### DESCRIPTION OF THE TASK
Retype the entries exactly, but skip the pictures.
^^^^^^^^^^^^^^^^
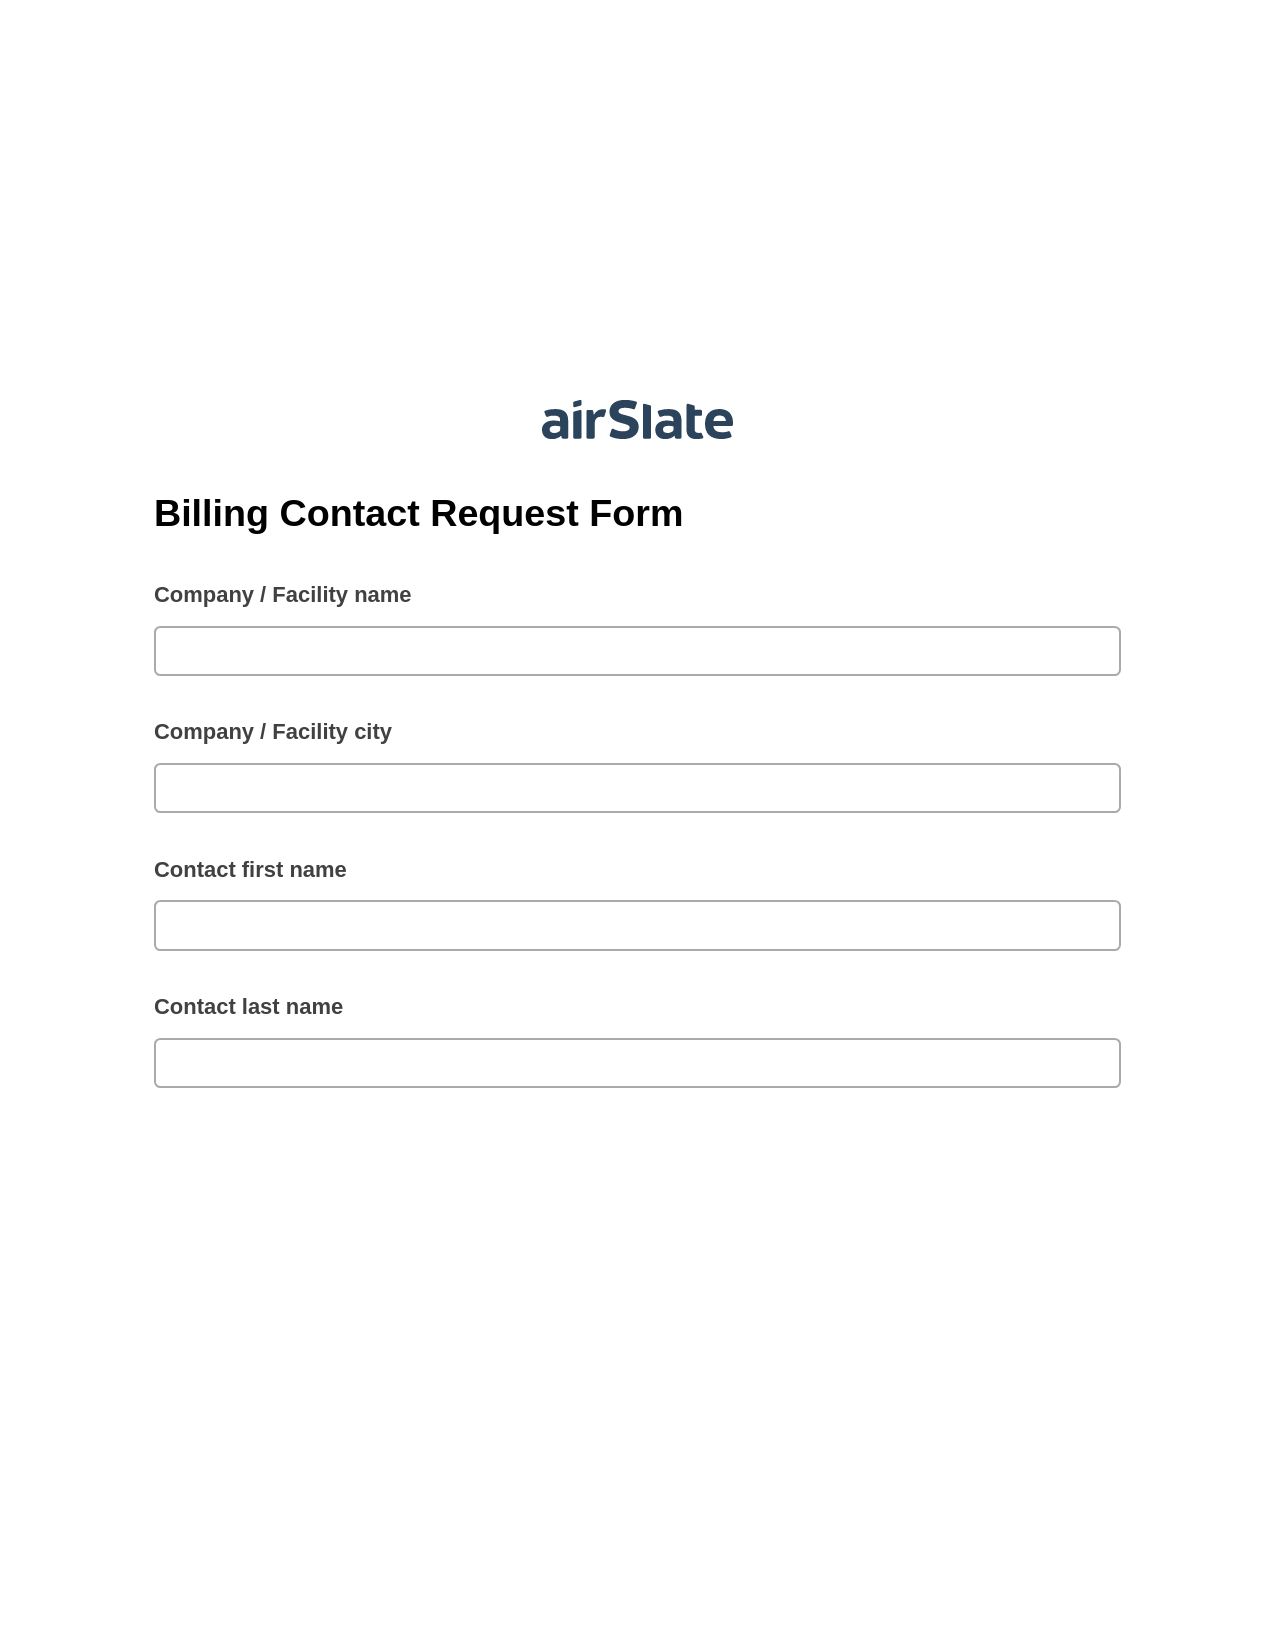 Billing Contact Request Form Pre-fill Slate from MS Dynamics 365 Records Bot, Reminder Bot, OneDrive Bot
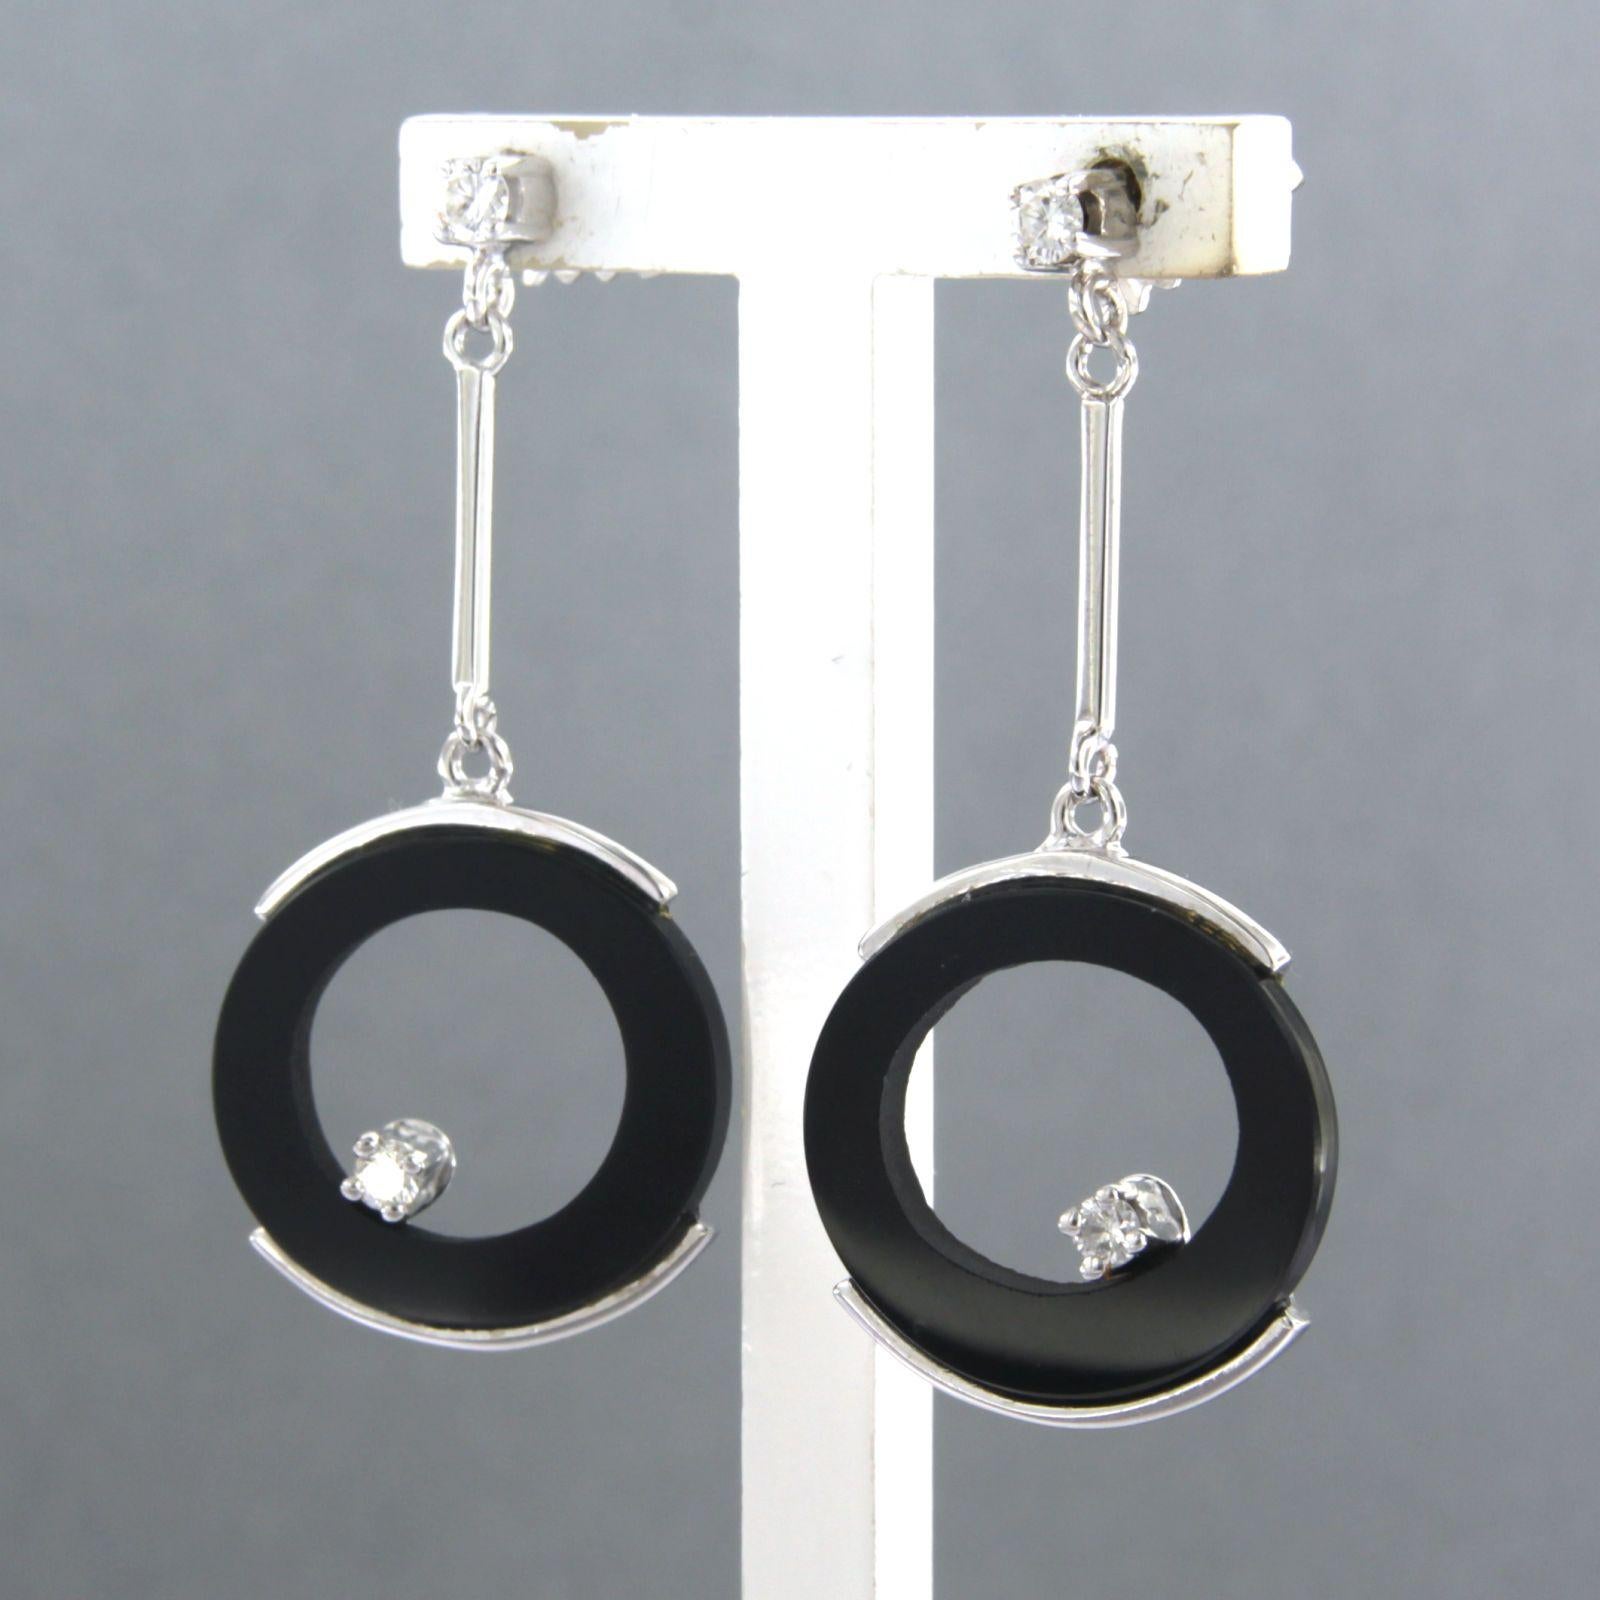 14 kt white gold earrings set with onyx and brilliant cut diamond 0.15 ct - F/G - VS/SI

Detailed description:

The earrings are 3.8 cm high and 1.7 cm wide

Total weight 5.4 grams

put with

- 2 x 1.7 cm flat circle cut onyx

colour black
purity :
^^^^^^^^^^^^^^^^
### RESPONSE TO THIS TASK
 Billing Contact Request Form Pre-fill Slate from MS Dynamics 365 Records Bot, Reminder Bot, OneDrive Bot
 14 kt white gold earrings set with onyx and brilliant cut diamond 0.15 ct - F/G - VS/SI

Detailed description:

The earrings are 3.8 cm high and 1.7 cm wide

Total weight 5.4 grams

put with

- 2 x 1.7 cm flat circle cut onyx

colour black
purity :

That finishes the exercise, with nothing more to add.